Issues converting pdf to html


#1

I need to generate html out of pdf document and ive used api method “PutPdfInRequestToHtml” for the same.

I tried both with fixedLayout and without fixedLayout, however, i have issues with both the outputs

  1. With fixedLayout - It uses styles “left and top” which has 2 major issues…
    i. It is not responsive and
    ii. In a paragraph, line ends with character exactly as in pdf, instead of continuing the paragraph on the same line for a wider screen… may be because it considers each line as a paragraph tag…

  2. Without fixedLayout - the resulting html is completely misaligned…

Thanks,
Hemant


#2

@HemantJain

Thanks for your inquiry. We will appreciate it if you please share your sample input PDF document along with the problematic output HTML and expected HTML document. It will help us to investigate your issue exactly and guide you accordingly.
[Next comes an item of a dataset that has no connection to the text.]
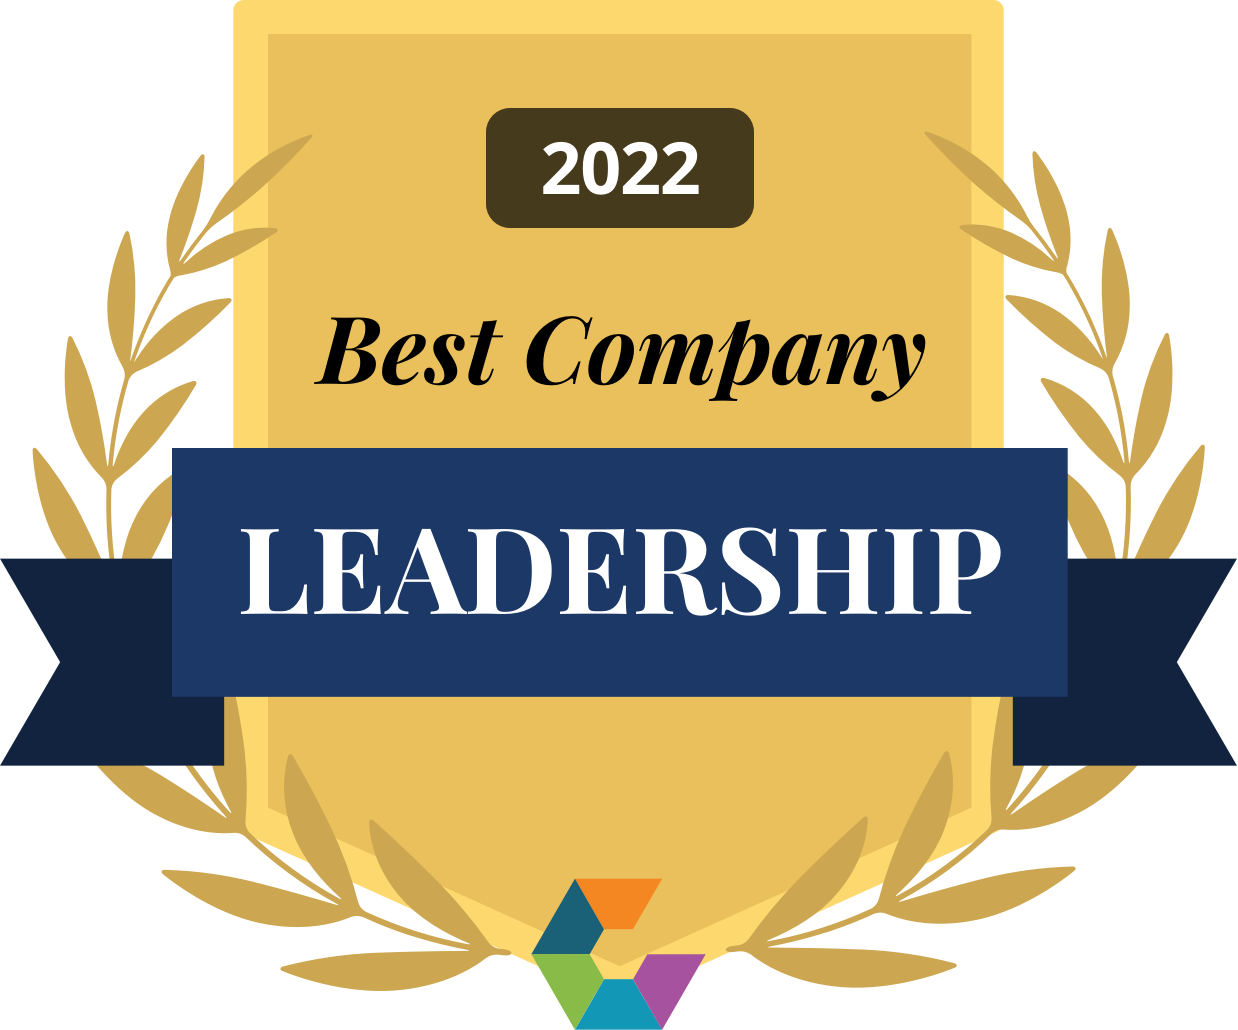 Comparably Best Company for Leadership

P.S: you can attach the documents as zip file.


#3

Hi,

PFA
FixedLayout True
Test.pdf as input PDF document and result.zip as output HTML
Test.pdf (127.1 KB)
result.zip (116.9 KB)

FixedLayout False
Test-en.pdf as input PDF document and resultFixedFalse.zip as output HTML
resultFixedFalse.zip (115.9 KB)
Test-en.pdf (142.0 KB)

Thanks,
Hemant


#4

@HemantJain

Thanks for sharing your input and output documents here. We are looking into these and will guide you accordingly. Meanwhile, please share your expected HTML document as well it will help us to understand your requirements exactly.


#5

Hi,

Attached is somewhat expected HTML document… The expectation is that the paragraphs are displayed properly in continuation and should be responsive.
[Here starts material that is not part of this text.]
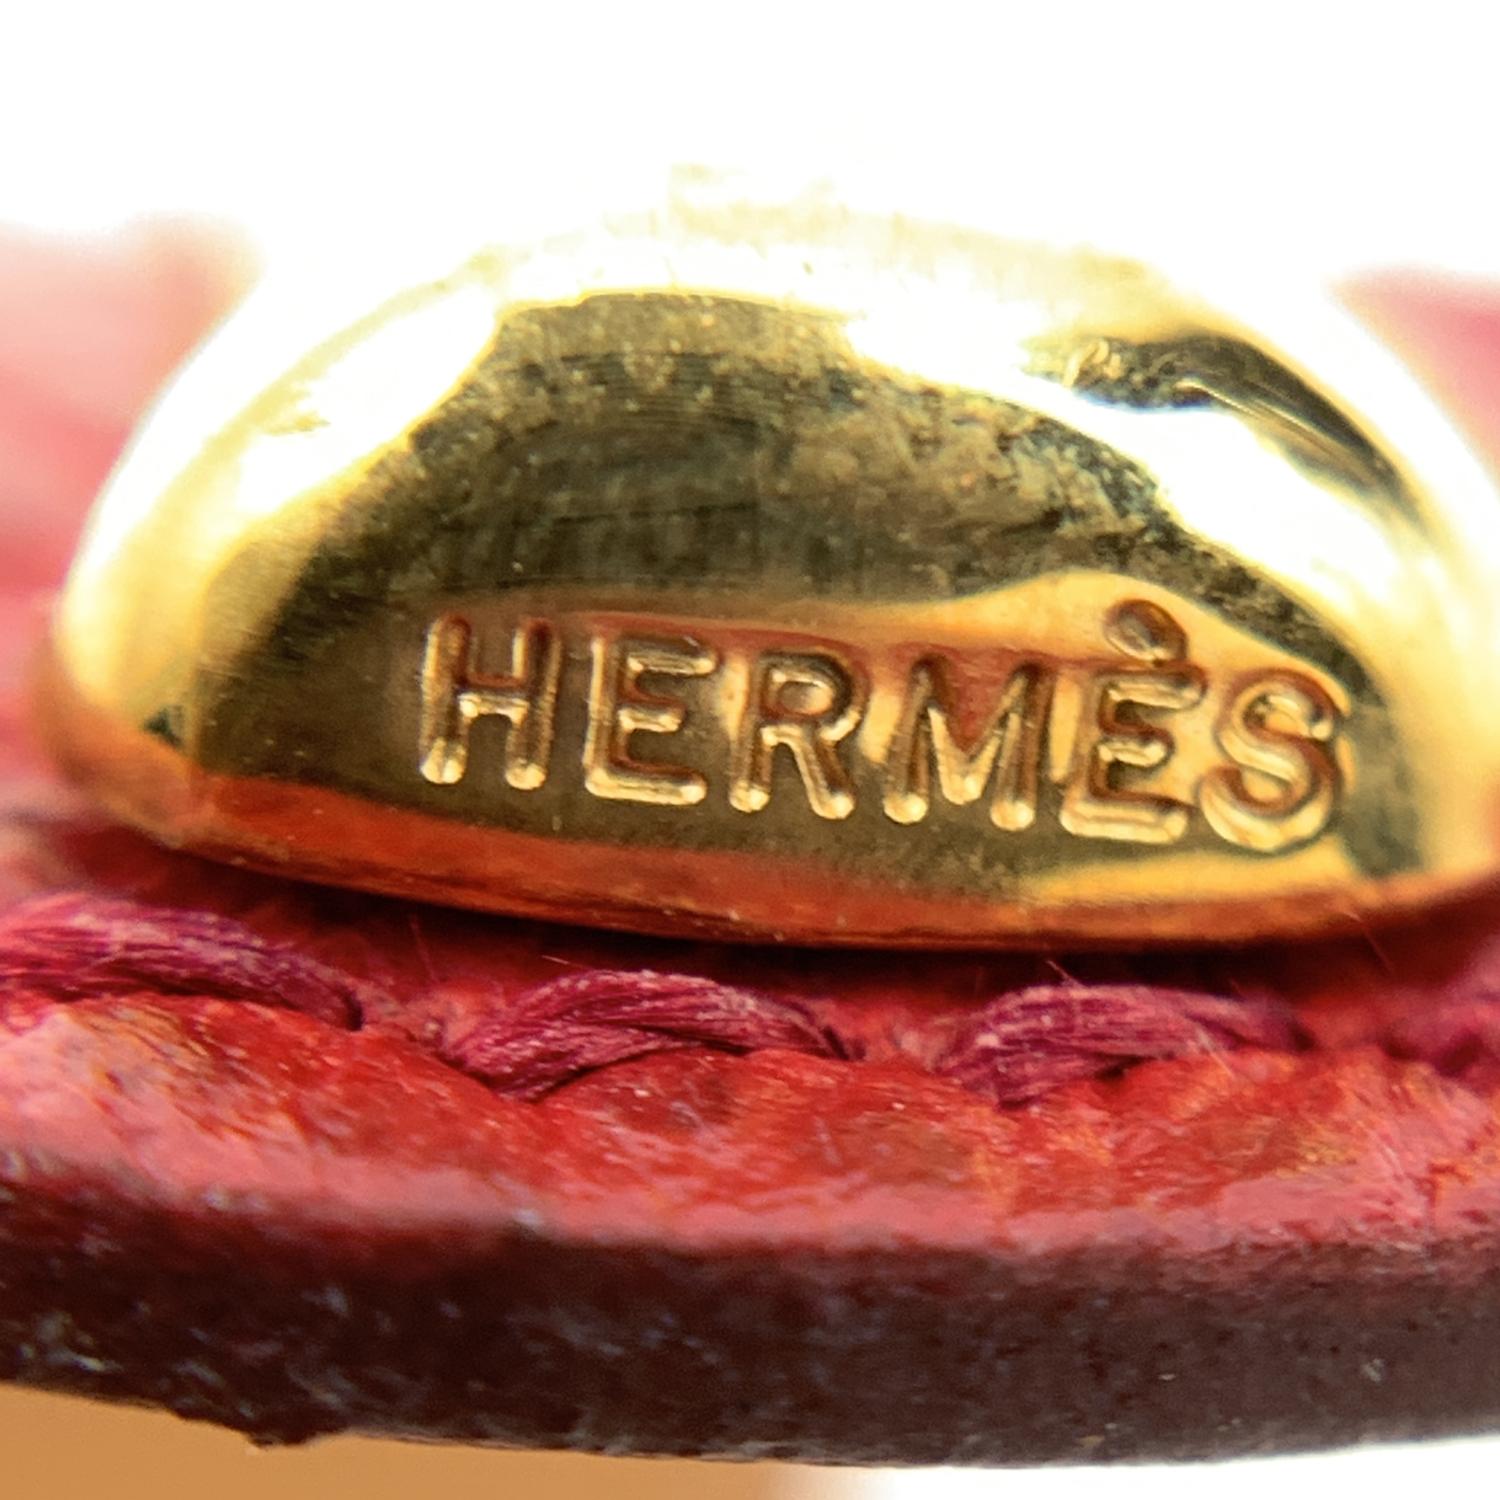 Beautiful Hermes 'Agatha' bracelet. Red leather with a bamboo motif gold metal . The leather bracelet is removable and the metal structure can be worn as a bracelet in its own right. 'Hermes Paris - Made in France' embossed internally. 'Hermes'

Test-en-ExpectedOutput.zip (9.3 KB)

Thanks,
Hemant


#6

@HemantJain

Thanks for sharing expected HTML document. I am investigating the PutPdfInRequestToHtml API method behavior and will update you soon.
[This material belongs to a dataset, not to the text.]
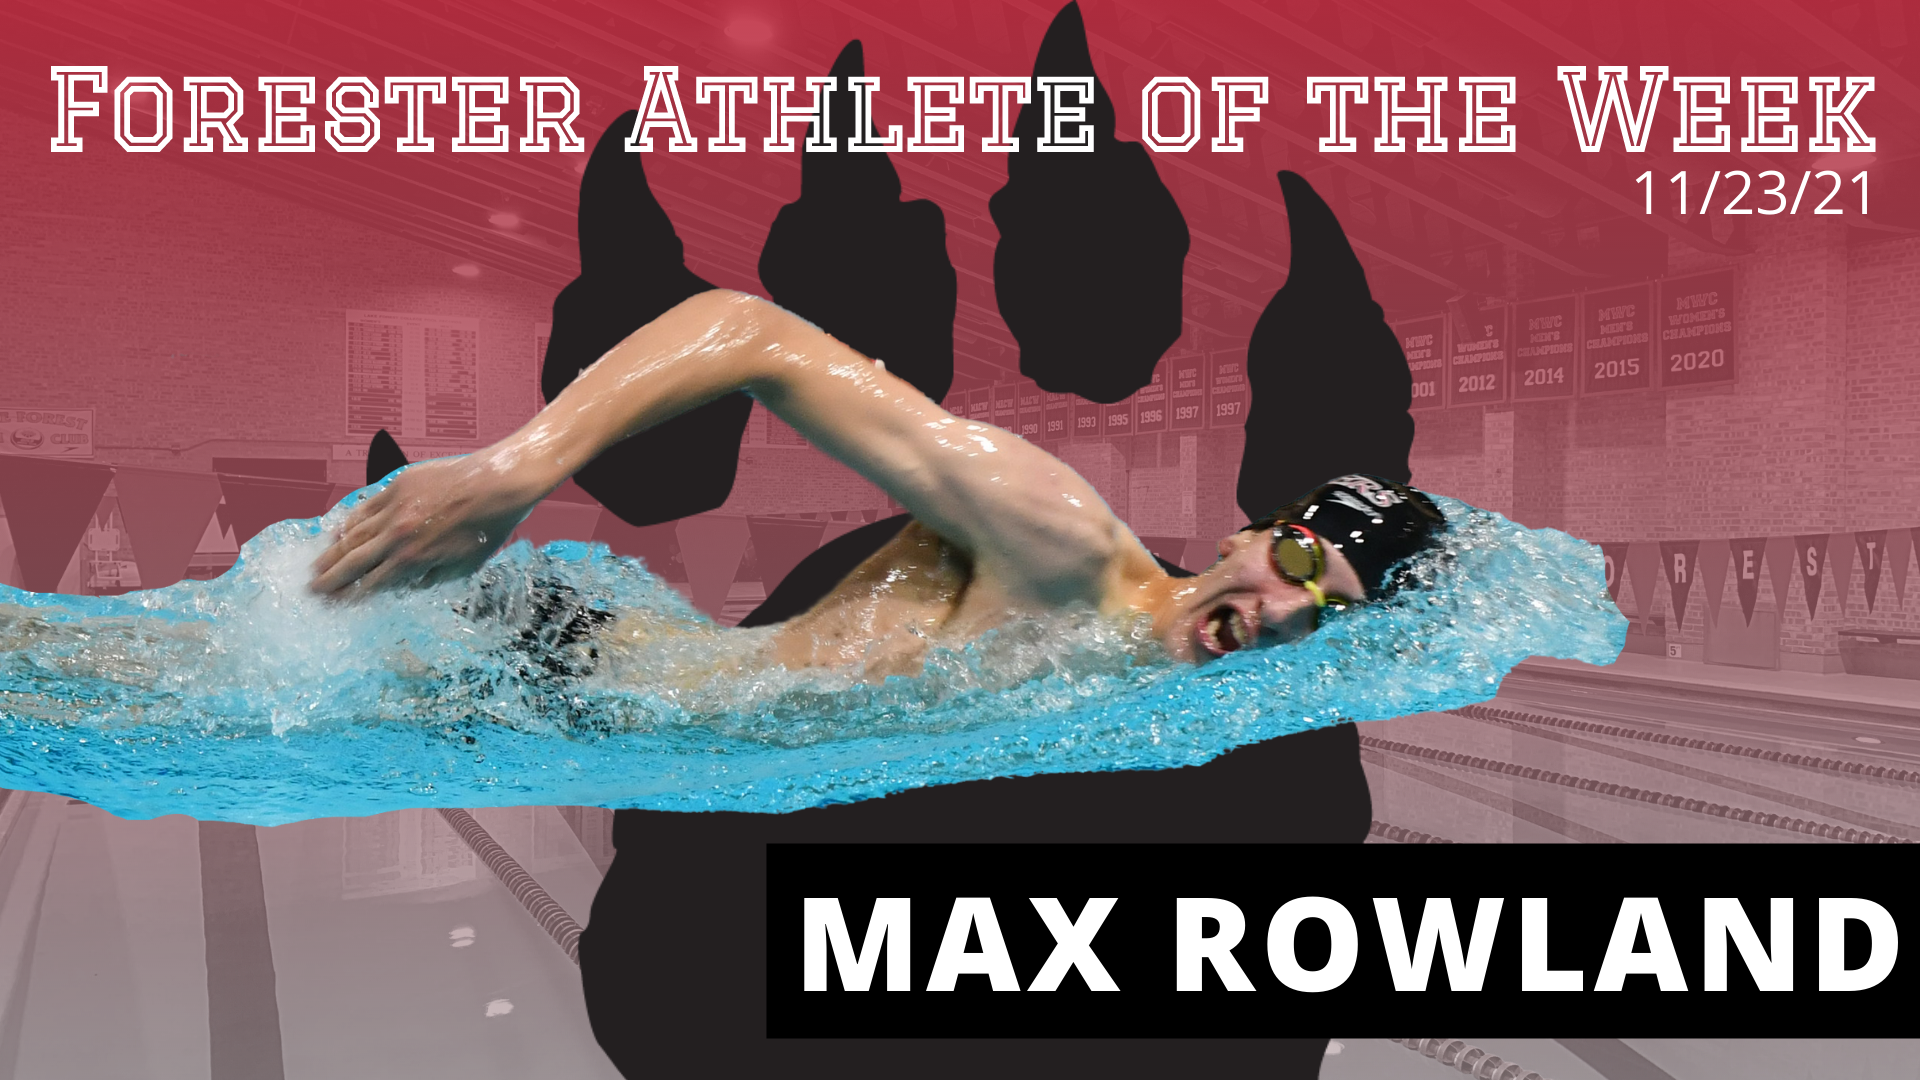 Max Rowland Named Men's Forester Athlete of the Week

Meanwhile, you may try Aspose.Words Cloud ConvertDocument API. Testen_AW.zip (17.2 KB)

curl -X PUT "https://api.aspose.cloud/v4.0/words/convert?format=html&outPath=Temp/Testen_AW.html" 
-H "accept: application/xml" 
-H "authorization: Bearer [Access_Token]" 
-H "Content-Type: multipart/form-data" 
-F "File=@C:/Temp/Test-en.pdf"

#7

Thanks Tilal. I’ve tried what you have suggested and it is working wee for me now. Really appreciate you help at the right time…

Thanks once again.


#8

Hi Tilal,

I’m sure this Aspose.word convertDocument was working for pdf files yesterday, but today it is giving an error.

Please see attached screenshot…

image.png (79.8 KB)

Can you please help me?


#9

@HemantJain

Thanks for your inquiry. I’m afraid, I’m unable to replicate the error. It seems you are using old SDK 19.2. Please use latest SDK version, hopefully it will help you to resolve the issue.